The Council replaced the compensated reallocation approach with

a market-based reallocation approach in the current analysis. The

initial charter allocation would be a common harvest pool for all

charter moratorium permit holders. The charter allocation would

not be a hard cap that would result in closing the fishery when the

charter allocation is exceeded. Instead, the “buffered hard cap”

would address each year’s overage in subsequent years through

an annual regulatory analysis of management measures that

take into account the projected CEY for the following year

and any overages by the charter industry in the past year.

This will result in the charter industry “paying back” the

commercial industry by the number of pounds by which it

exceeded its allocation in a future year. In factoring such

payback into its subsequent allocations, the Council will not

revisit or readjust the sector split. An allocation overage

would trigger the regulatory process automatically, in

contrast with current GHL management. Any underages

would accrue to the benefit of the halibut biomass and

would not be reallocated or paid forward.

The annual regulatory analysis would examine a suite of

potential measures in its management toolbox. The Council

identified two tiers of measures to manage the charter

common pool for a season of historic length. Tier 1

measures include: (1) One trip per vessel per day; (2) No

retention by skipper or crew; (3) Line limits; (4) Second fish

of a minimum size; and (5) Second fish at or below a

specific length. Tier 2 measures would be analyzed if staff

identifies in the preparation of the analysis that Tier 1

options are inadequate to constrain harvest by the charter

common pool to its allocation. These include (1) Annual

catch limits; (2) 1 fish bag limit for all or a portion of the

season; and (3) Season closure on either monthly or subseasonal

basis. Specific suboptions that were analyzed in

previous GHL analyses would be included.

Due to the lag in implementation after an overage,

management measures will, in general, be slightly more

restrictive than necessary for conservation purposes. In

providing predictability and stability for the charter sector, it

is likely that charter fish may be left in the water. Individual

moratorium permit holders would be allowed to lease

commercial halibut IFQ, or use the IFQ resulting from

commercial QS already in their possession, to allow their

clients relief from those regulations that would be

implemented for the common pool, so long as that relief did

not result in less restrictive regulations than in place for

unguided anglers. The qualification criteria to hold

commercial QS would not be changed to allow charter

moratorium permit holders to purchase QS for use in the

charter sector.

Staff will provide a report on recordkeeping,

implementation, and enforcement issues related to the

proposed allocation/market-based reallocation program in

December 2007. Initial review of the analysis is scheduled

for February 2008, with final action scheduled for 2008.

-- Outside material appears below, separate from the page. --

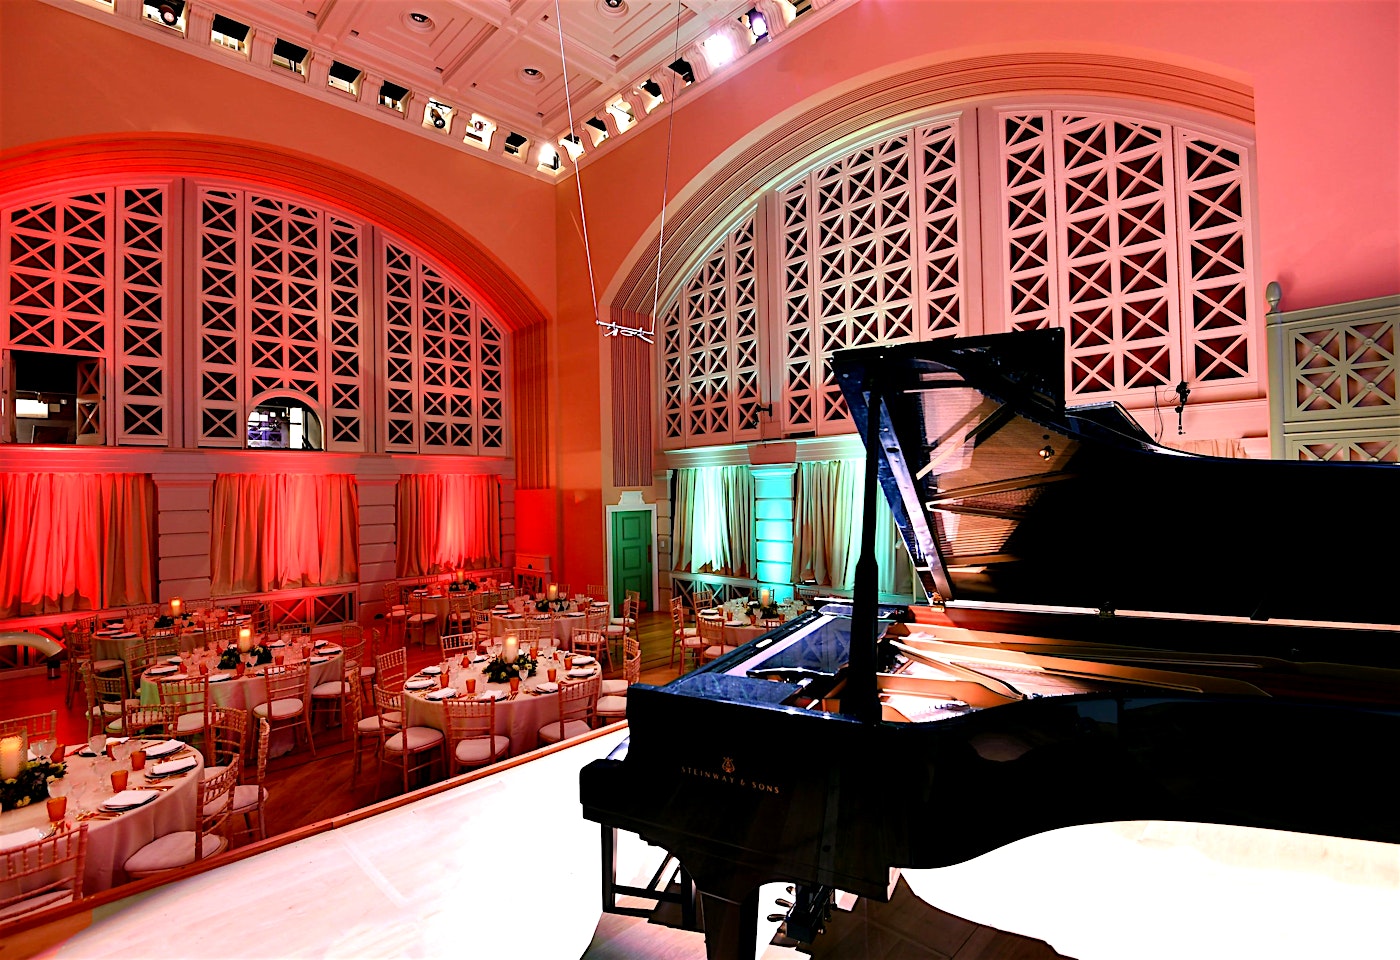 The Royal College of Music Performance Hall London

Implementation would likely not occur prior to 2010 to

facilitate implementation of the moratorium program in

2009, at the earliest. The Stakeholder Committee will also

report on its recommendations for a permanent solution,

along with comments on the market-based approach

outlined above, and elements of the compensated

reallocation program that were not moved forward by the

Council in October. The Council’s motion and committee

meeting material will be posted on the Council’s website.

Staff contact is Jane DiCosimo.

 

The DEcember meeting will be preliminary review to answer questions staff raises regarding the allocation and interim marketbased transfer of IFQ’s and for the Council to receive the STakeholder committee report on the long term plans with compensated reallocation.

The Council now expects the allocation initial review to occur in Feb. and final decision at the April Council Meeting.